SFC Capital (formerly known as Startup Funding Club) is an investment fund manager and network of business angels founded in 2012 by Stephen Page, the CEO of the company. It manages the SFC Angel Fund which invests in small companies qualifying for the SEIS and EIS investment schemes in the UK.

Since its inception in 2012, there have been 4 main SEIS/EIS funds. The company has also managed other funds including the Fintech Fund, the Odyssey Fund, and the Epicure SEIS Fund.
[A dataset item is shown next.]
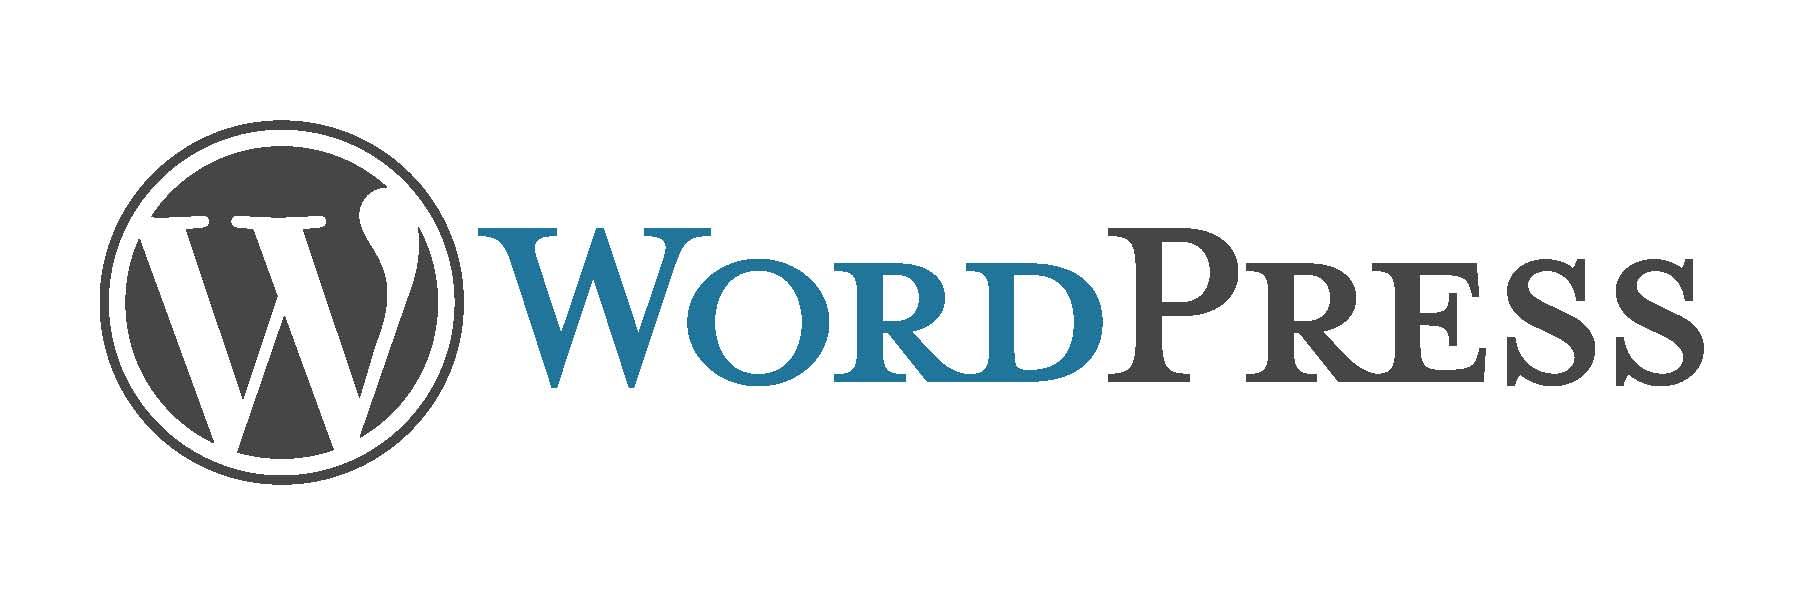 problemas-de-formatacao-de-texto-no-wordpress
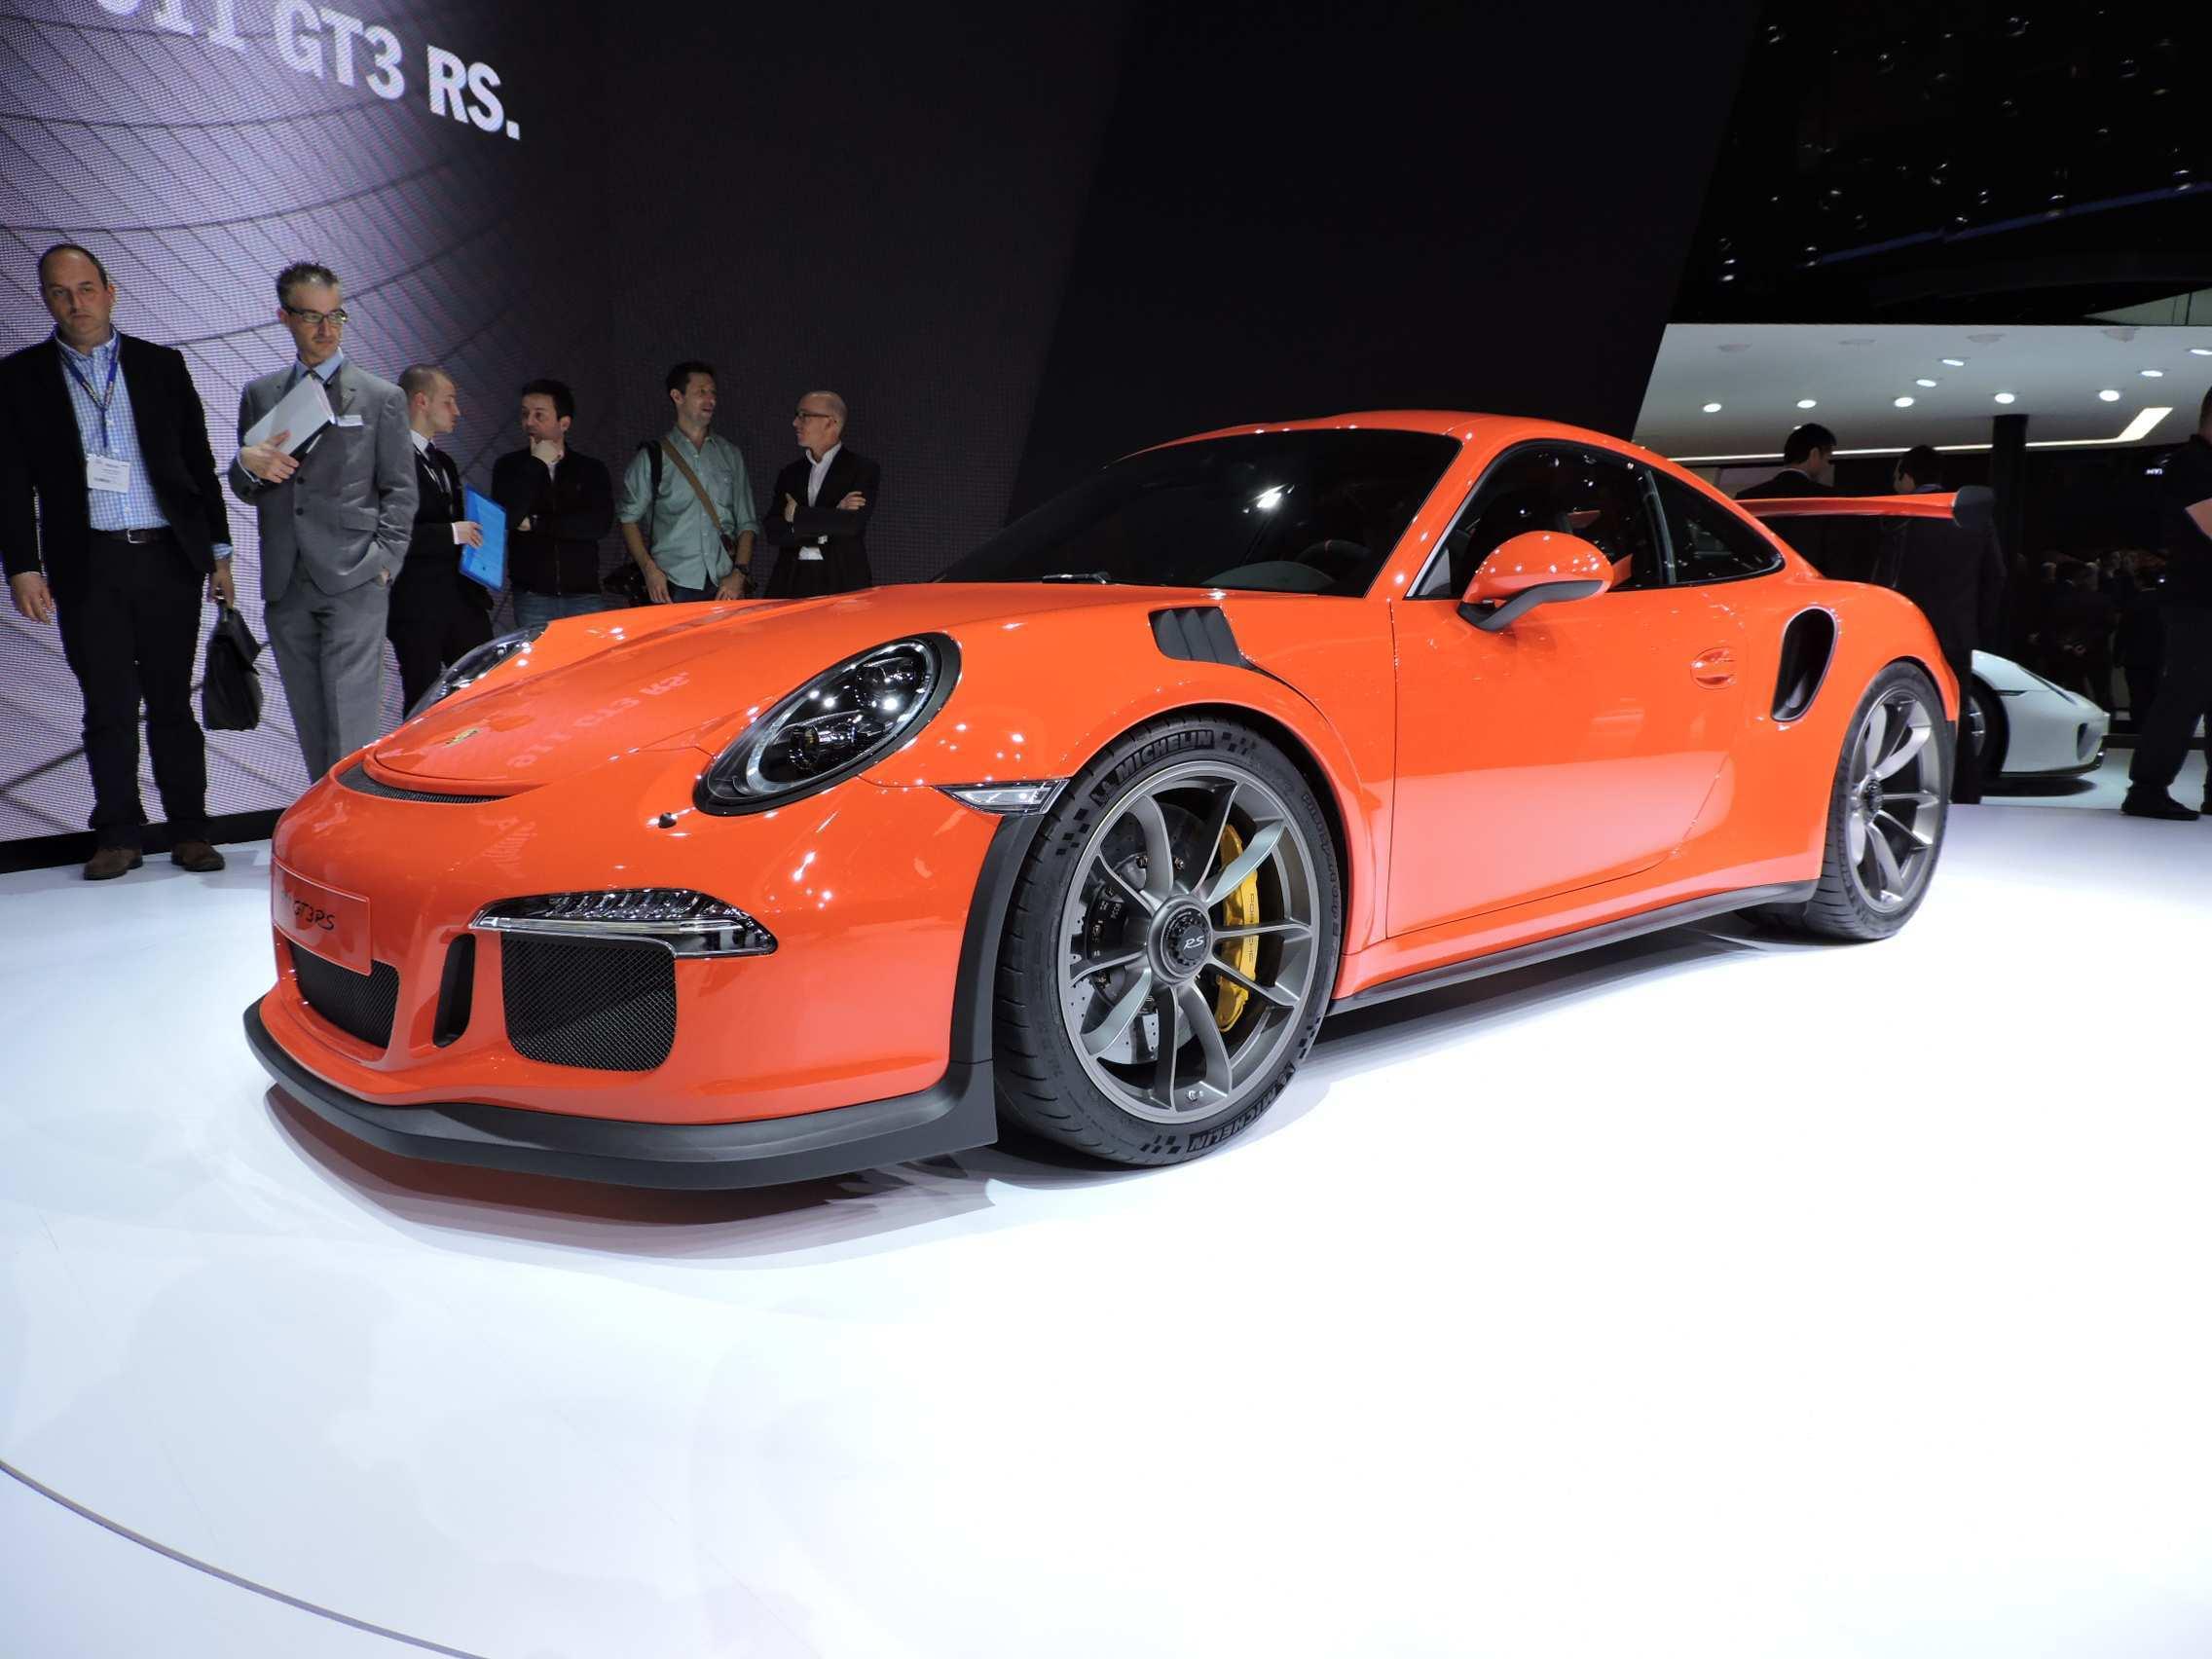 55 New Porsche Pajun 2020 Pictures with Porsche Pajun 2020

To date, SFC Capital has invested over £30 million in over 225 companies by combining its funds and its angel network.

Investments

SFC Capital, through its funds or its angel network, has provided seed funding and early-stage growth capital to:

 Onfido, provider of an AI-driven background and identity checking service, founded in Oxford in 2012
 Cognism, a business-to-business sales software provider
 Transcend Packaging, a South Wales-based manufacturer of paper-based drinking straws to the food & drink and restaurant business, which in 2020 pivoted to manufacturing biodegradable face shields to protect food and restaurant industry staff during the COVID-19 pandemic

Awards

SFC Capital has been recognised for its work in the early-stage investment world on several occasions. In July 2016, SFC Capital was named 'Lead Syndicate of the Year 2016' at the UKBAA Angel Investment Awards Gala, an award sponsored by the Angel CoFund. The firm was nominated for the same title in 2017.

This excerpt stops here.